AUD/USD is tailing off from the highs made after the latest RBA Minutes proved the bank to be on hold for the foreseeable future.

The RBA is betting on the basis that the economy will continue to grow and inflation will be on track towards their target in some given time. This gave way to the bulls case until 0.7512. However, the spike was shortlived and we were soon back on the offer to 0.7446 lows overnight. Some stability has come back into the commodity sector though that supports the Aussie with Oil back on $50.00 bbls, despite a bid in the greenback on safe-haven flows. 

Today, the ORB's gave its final poll results, Remain 54%, Leave 46%.

Brexit: cash in on the dead end at least?

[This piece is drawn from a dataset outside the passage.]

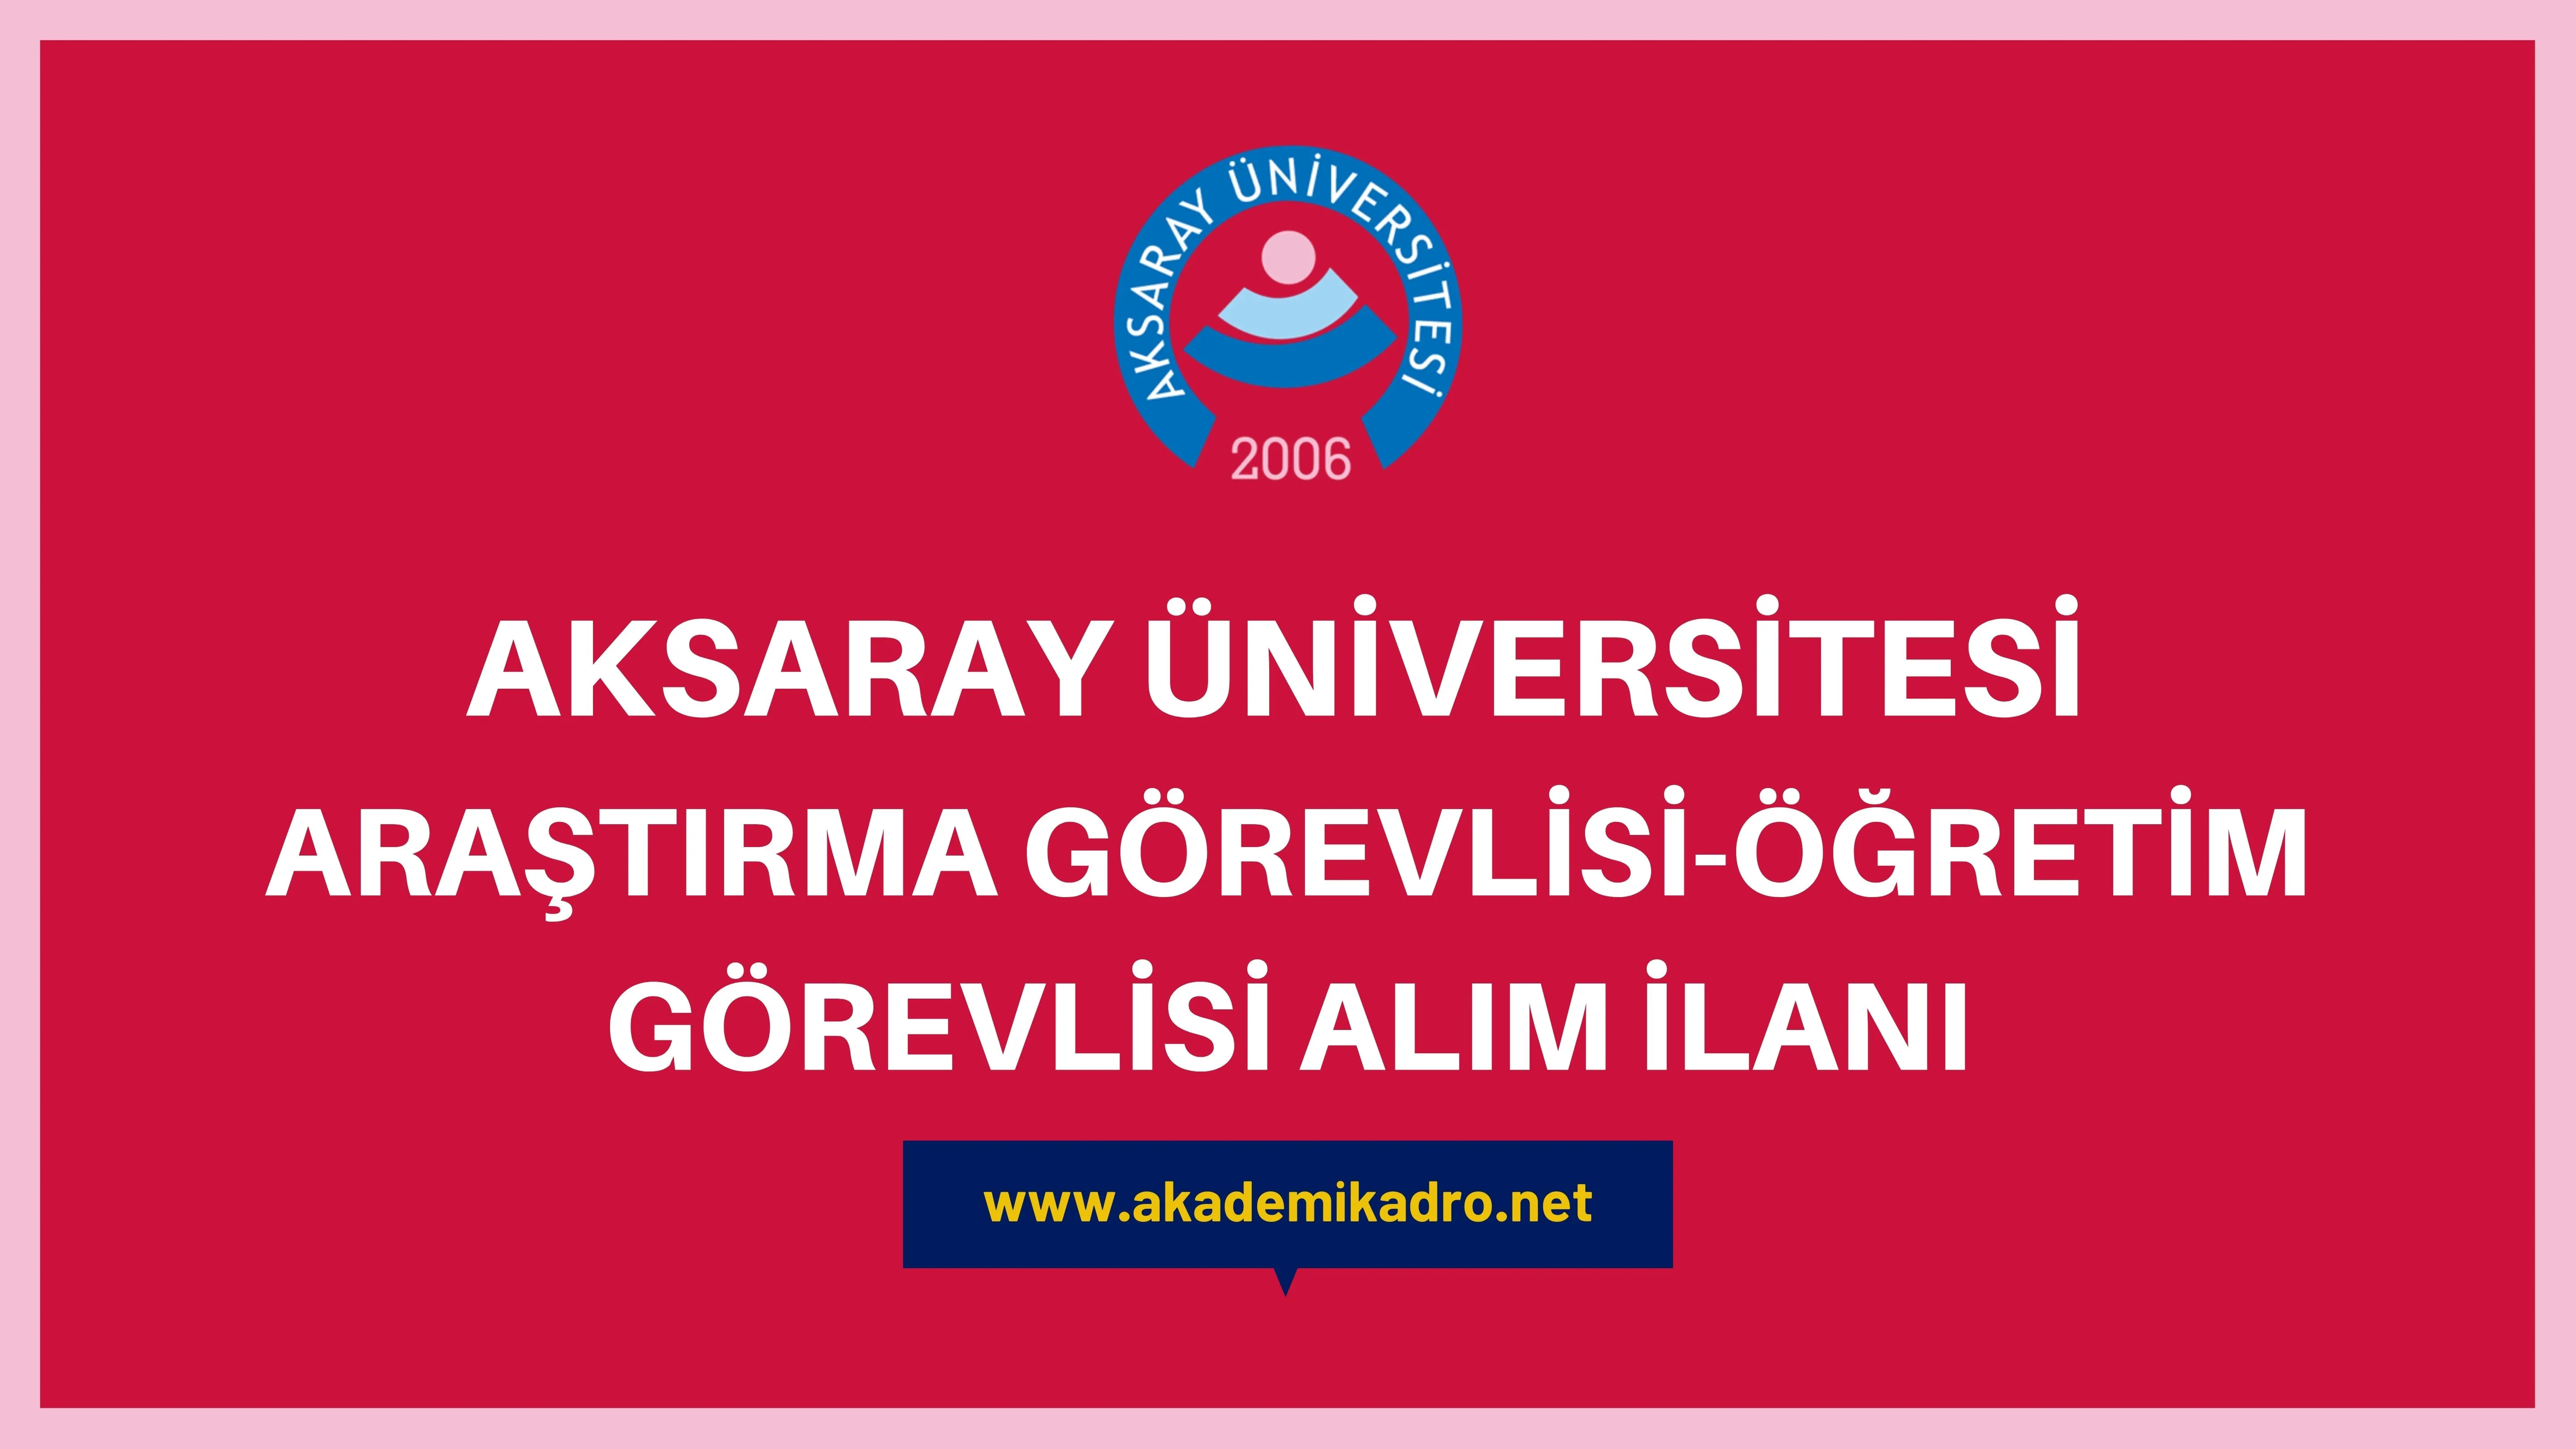 Aksaray Üniversitesi 5 Öğretim Görevlisi ve 2 Araştırma görevlisi alacaktır. Son başvuru tarihi 25 Kasım 2022

For the calendar, we are short of impetus from here until Yellen's extended testimony and the Brexit vote with results of final polls coming in quite equal, albeit with a slight bias to the stay campaign.

AUD/USD levels

Valeria Bednarik, chief analyst at FXStreet explained that in the 4 hours chart, the technical indicators have resumed their advances within positive territory and after correcting overbought readings, whilst the 20 SMA heads sharply higher below the current level, now around 0.7430. "Above the mentioned daily high, the rally can extend up to 0.7540, a strong static resistance level, with an advance beyond this last pointing for a steeper recovery up to 0.7834, this year's high."